標題: Stationarization of stochastic sequences with wide-sense stationary increments or jumps by discrete wavelet transforms
作者: Su, YL
Wu, BF
電控工程研究所
Institute of Electrical and Control Engineering
公開日期: 1-Sep-1998
摘要: Owing to most physical phenomena observed as nonstationary processes and the form of discrete sequences, it becomes realistic to process the nonstationary sequences in the laboratory if there exists a bijective transformation for: stationarization. In this work, our study is emphasized on the class of nonstationary one-dimensional random sequences with wide-sense stationary increments (WSSI), wide-sense stationary jumps (WSSJ) and a famous case, the fractional Brownian motion (FBM) process.

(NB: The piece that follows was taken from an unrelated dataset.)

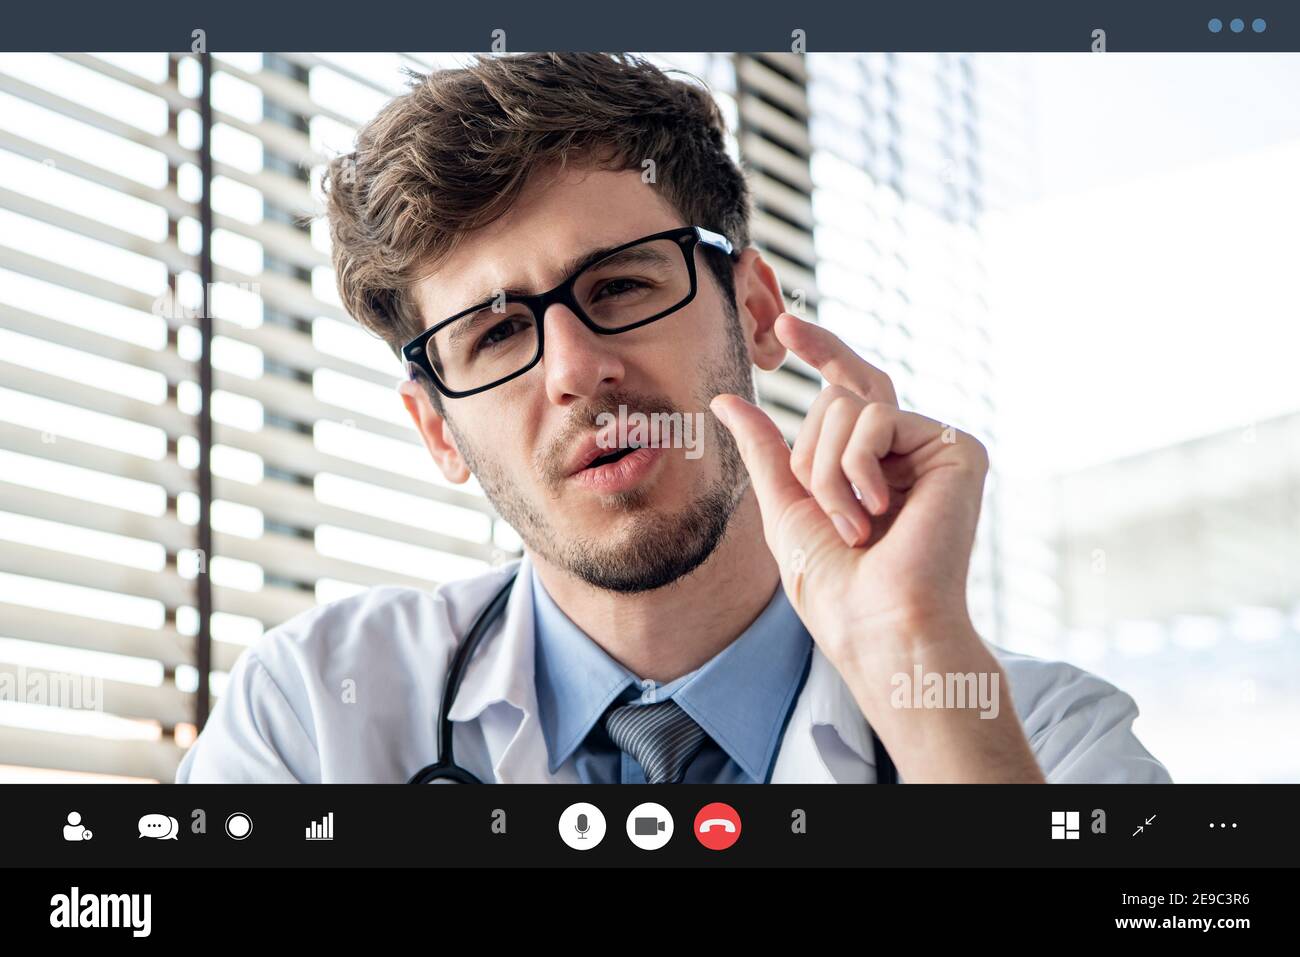 Médecin de sexe masculin faisant un appel vidéo parlant avec le patient, concepts de services de consultation médicale en ligne Banque D'Images

Also, the concept of linear algebra is applied to process the stationarization concisely. Our goal is to derive a stationarization theorem developed by linear operators such that a nonstationary sequence with WSSI/WSSJ may be stationarized by an easily realizable perfect reconstruction-quadrature mirror filter structure of the discrete wavelet transform. Some examples for FBM processes and nonstationary signals generated by autoregressive integrated moving average models are provided to demonstrate the stationarization. (C) 1998 The Franklin Institute. Published by Elsevier Science Ltd.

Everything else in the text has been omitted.